Synovitis-acne-pustulosis-hyperostosis-osteitis (SAPHO) syndrome is a rare disorder. The etiology remains unknown and the treatment is still empirical. Synovitis is one of the major manifestations, but information on histopathological features is still lacking. In this case, we investigated the histopathological features of SAPHO syndrome synovitis.

Case presentation

We present the case of a 53-year-old Japanese woman with SAPHO syndrome accompanied by marked knee synovitis and palmoplantar pustulosis. We found abundant sterile joint fluid in the right knee, and a blood test showed abnormally high values of C-reactive protein (17.26 mg/dl) and matrix metalloproteinase-3 (800 ng/ml). Arthroscopic surgery revealed marked proliferation of villous synovial tissues similar to rheumatoid arthritis and standard microscopic findings were also similar to rheumatoid arthritis.

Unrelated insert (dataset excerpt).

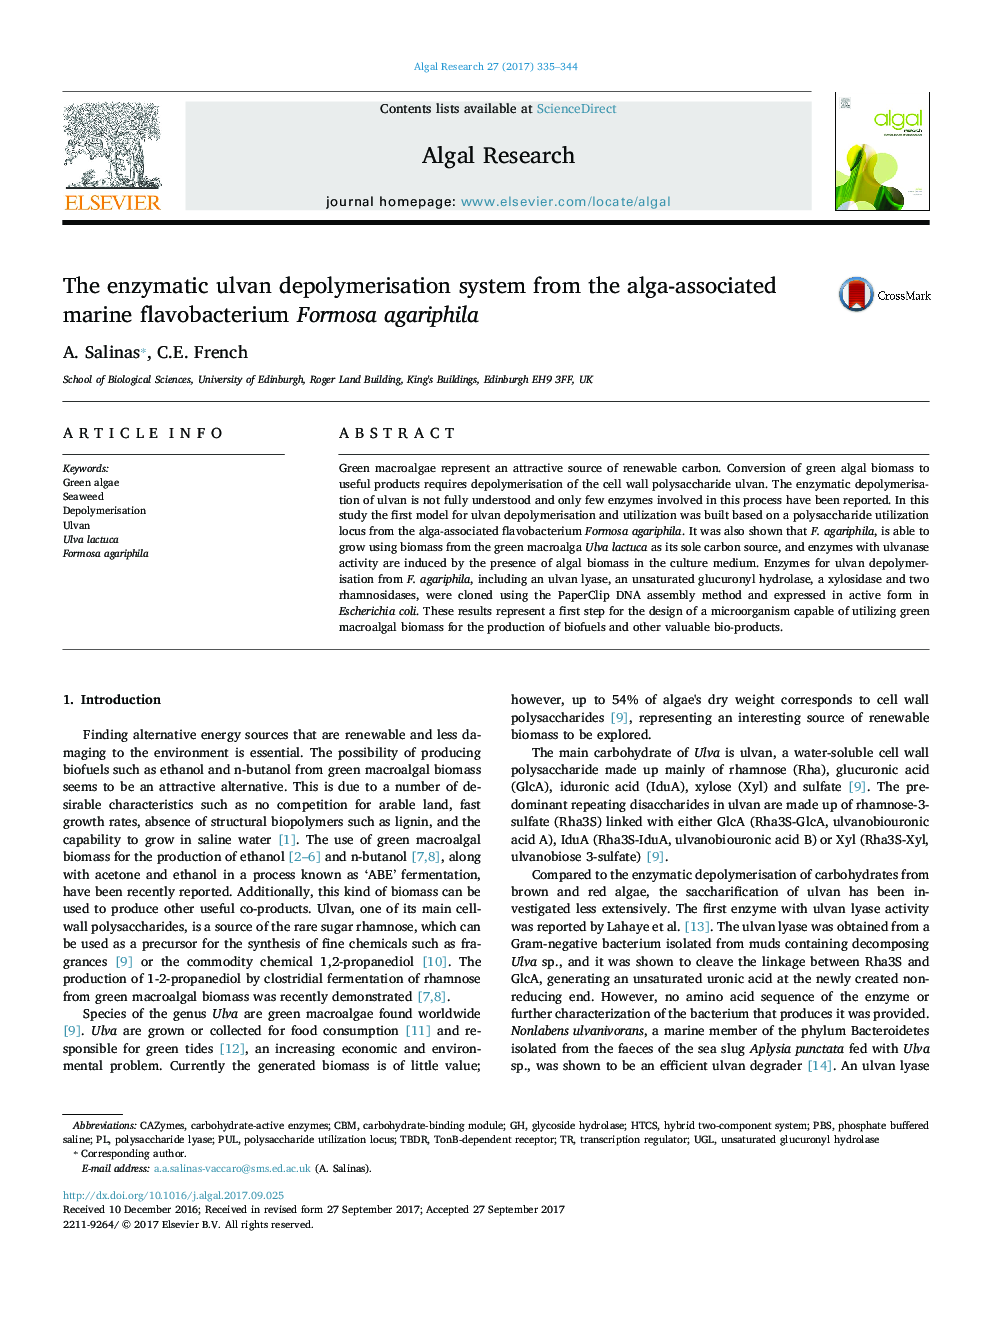 The enzymatic ulvan depolymerisation system from the alga-associated marine flavobacterium Formosa agariphila

Furthermore, for the first time, we demonstrated by immunohistochemistry the expression of tumor necrosis factor-alpha (TNF-α) converting enzyme, TNF-α and matrix metalloproteinase-3 in the proliferated synovial lining cells. After arthroscopic synovectomy, her knee symptoms immediately diminished and laboratory data (matrix metalloproteinase-3 and C-reactive protein) normalized within 2 weeks of surgery.

Conclusion

We demonstrate the expression of TNF-α converting enzyme, TNF-α and matrix metalloproteinase-3 in SAPHO syndrome synovitis for the first time and also show, both macro- and microscopically, the similarity between SAPHO syndrome and rheumatoid arthritis synovitis. These new findings support the recently reported successful treatment of SAPHO syndrome with antirheumatic drugs, especially with anti-TNF-α agents.